Problem:
Nothing outside the range is to be copied. From the entries below, reproduce exactly the lines starting at the one with "Beauty Of Joseon" and ending at the one with "Герд мюллер 1992", without pictures.

Listed entries:
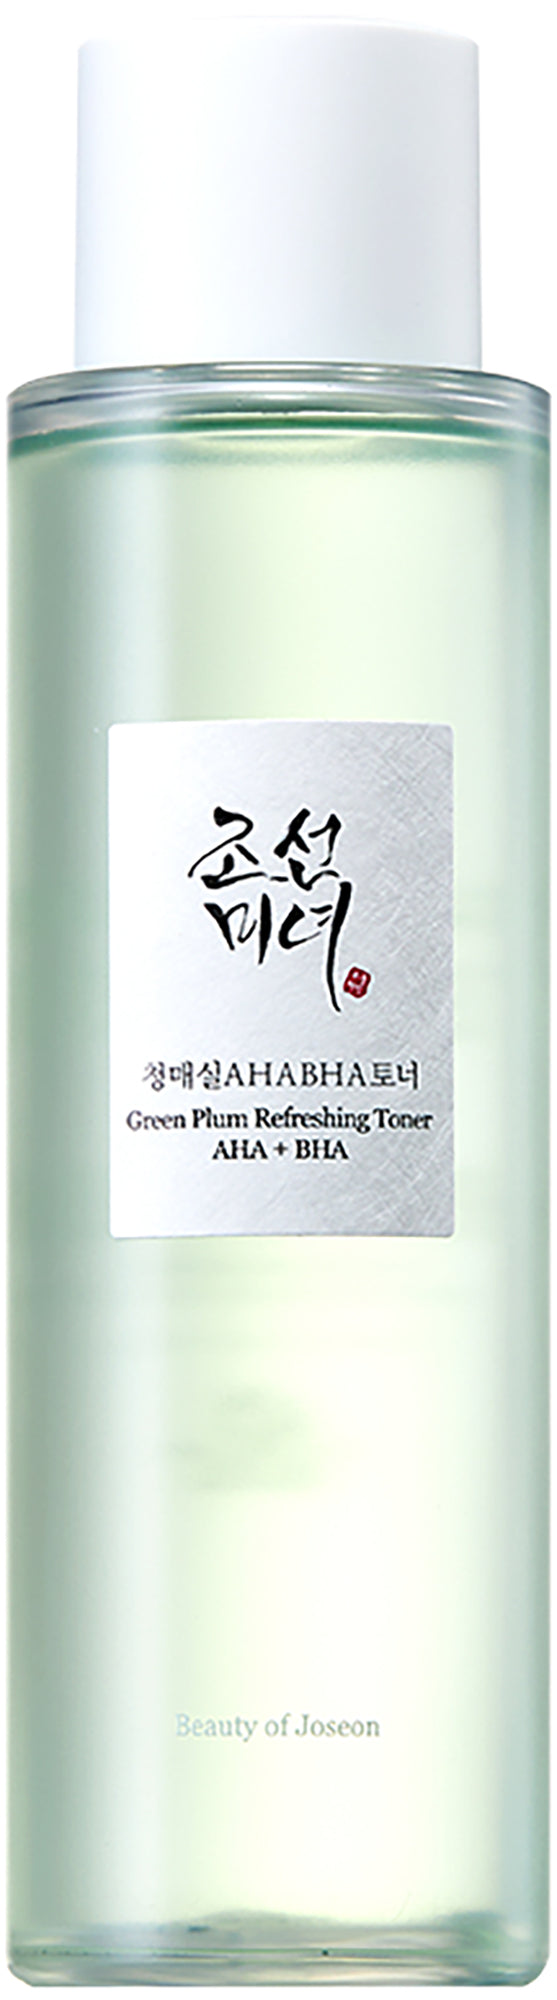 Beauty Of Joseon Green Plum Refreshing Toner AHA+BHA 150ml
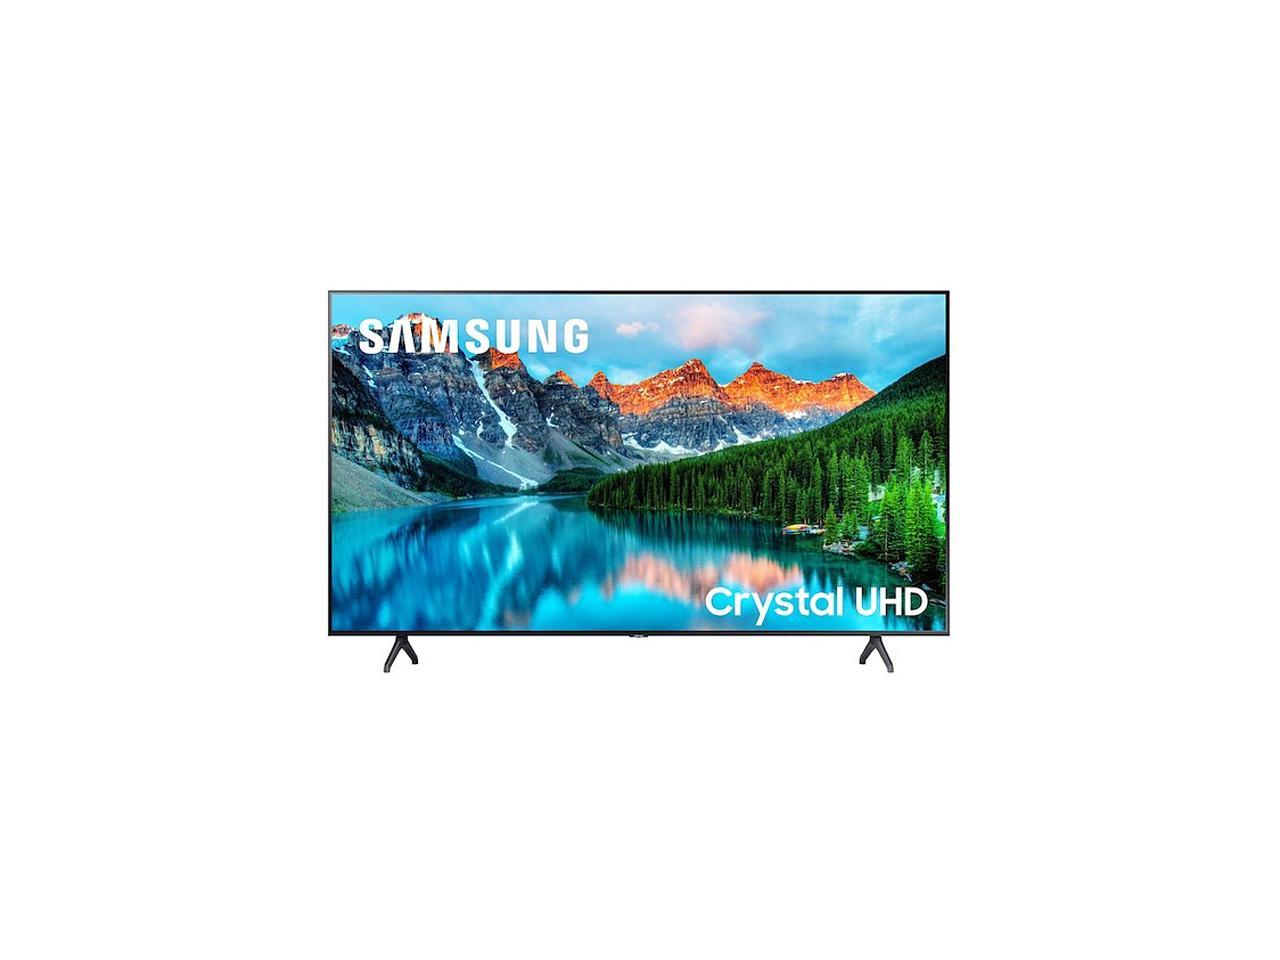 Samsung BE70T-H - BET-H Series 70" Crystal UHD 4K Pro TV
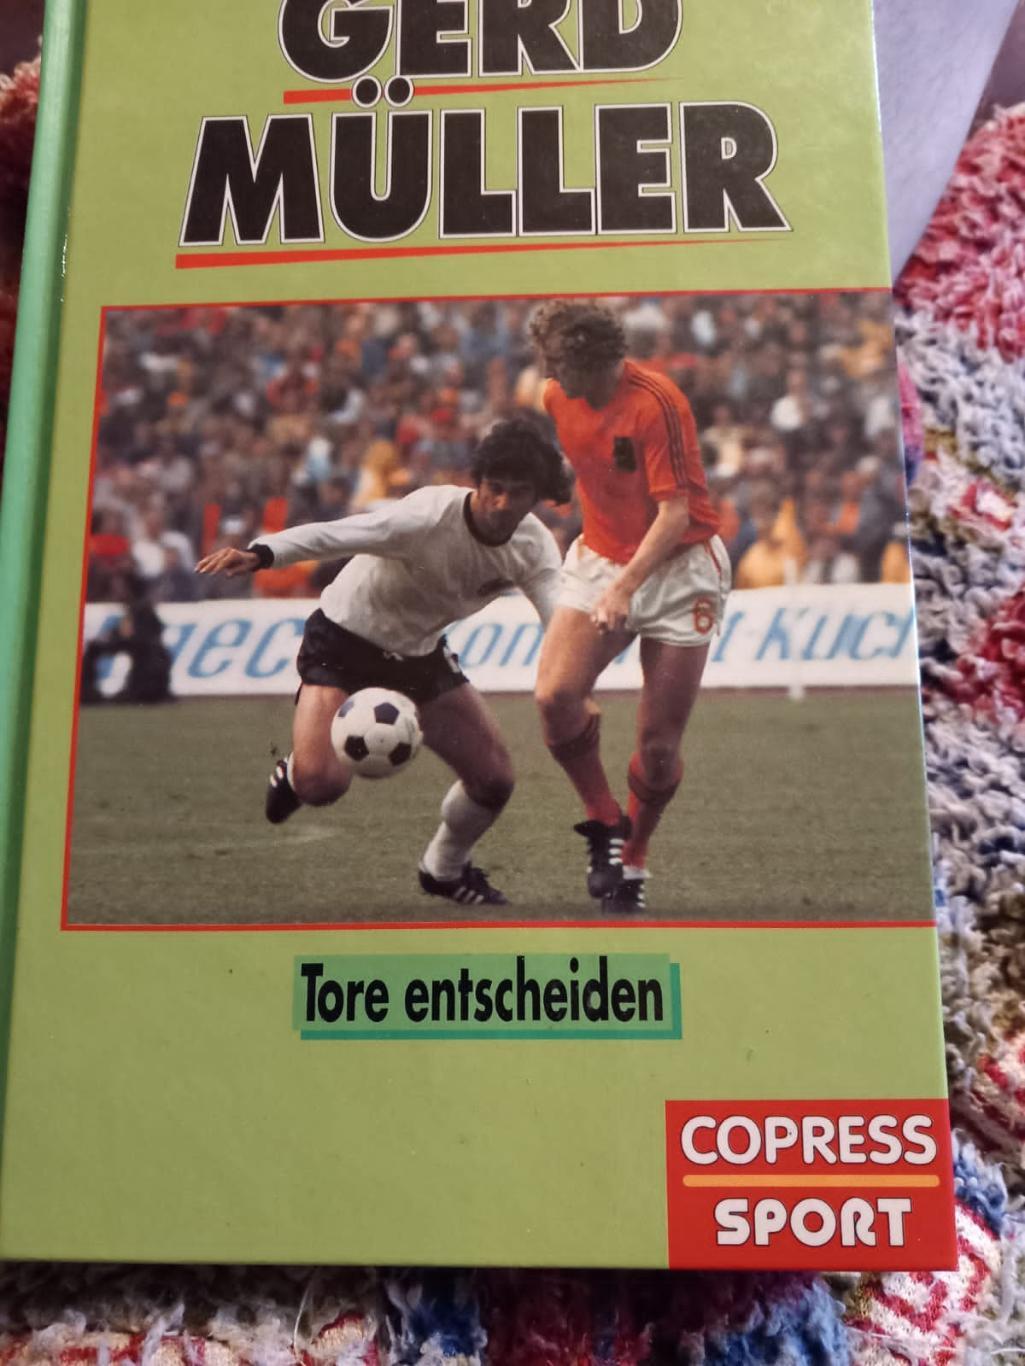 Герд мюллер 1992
...
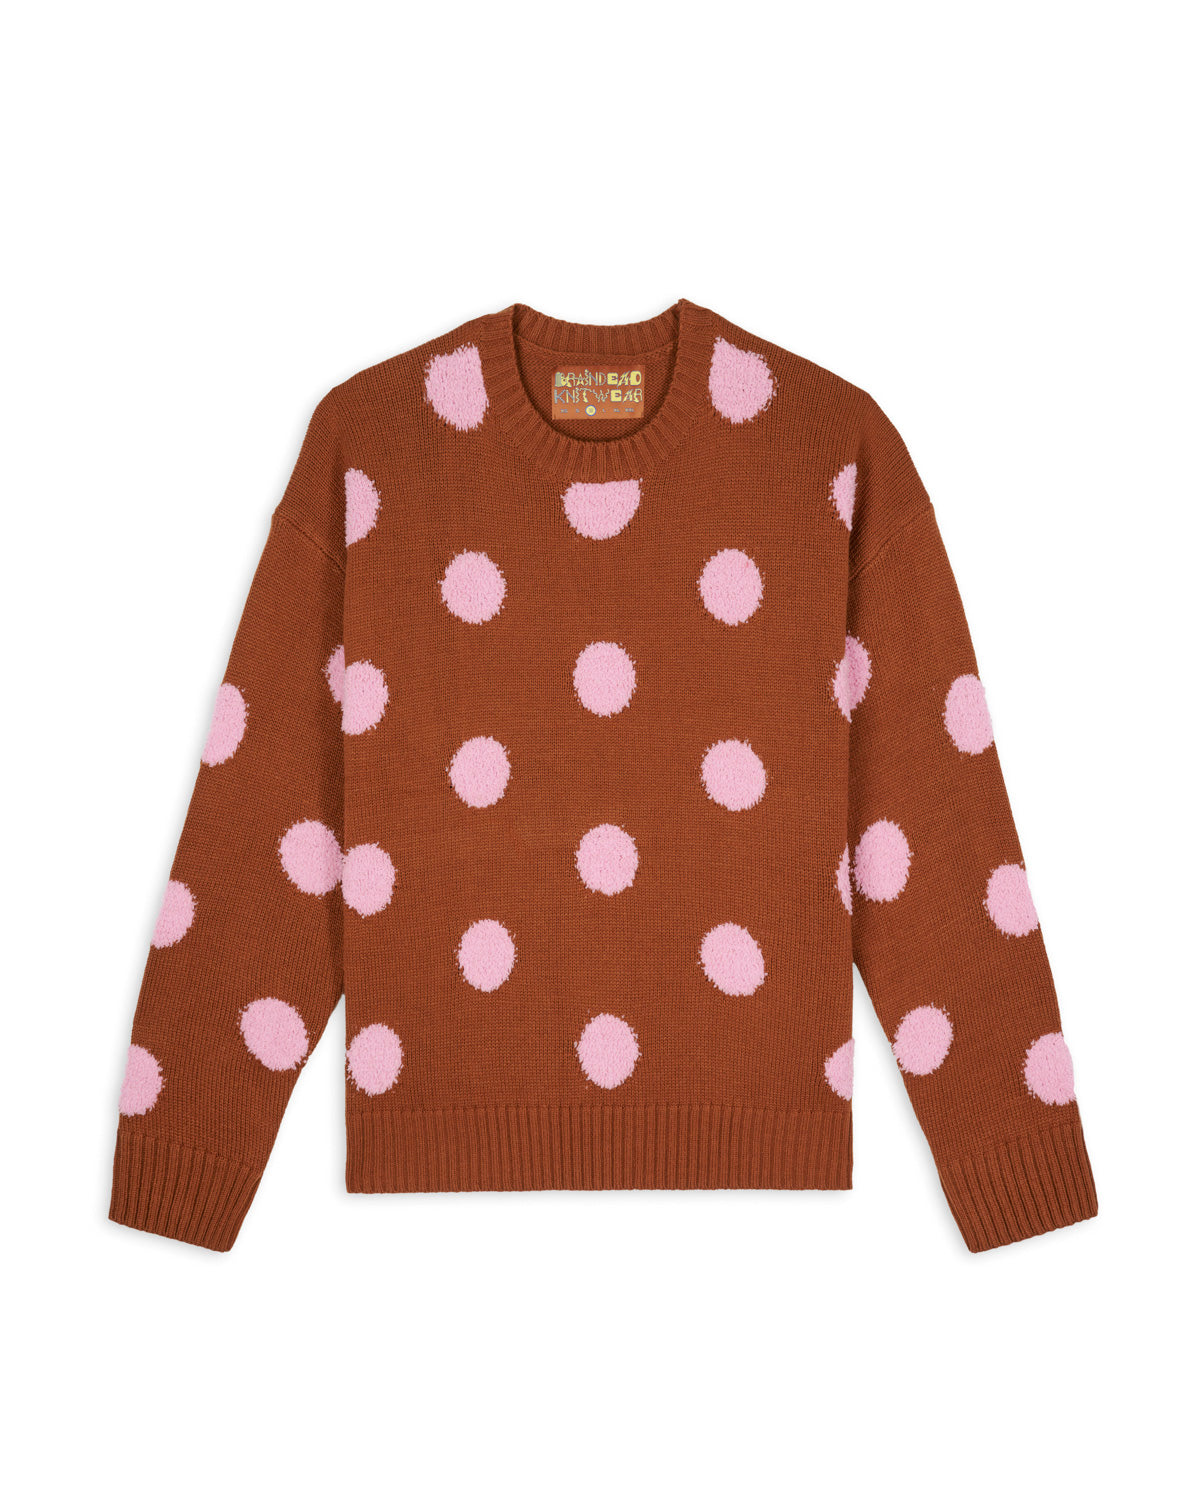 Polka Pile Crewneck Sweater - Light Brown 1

Answer to this task:
 Beauty Of Joseon Green Plum Refreshing Toner AHA+BHA 150ml
 Samsung BE70T-H - BET-H Series 70" Crystal UHD 4K Pro TV
 Герд мюллер 1992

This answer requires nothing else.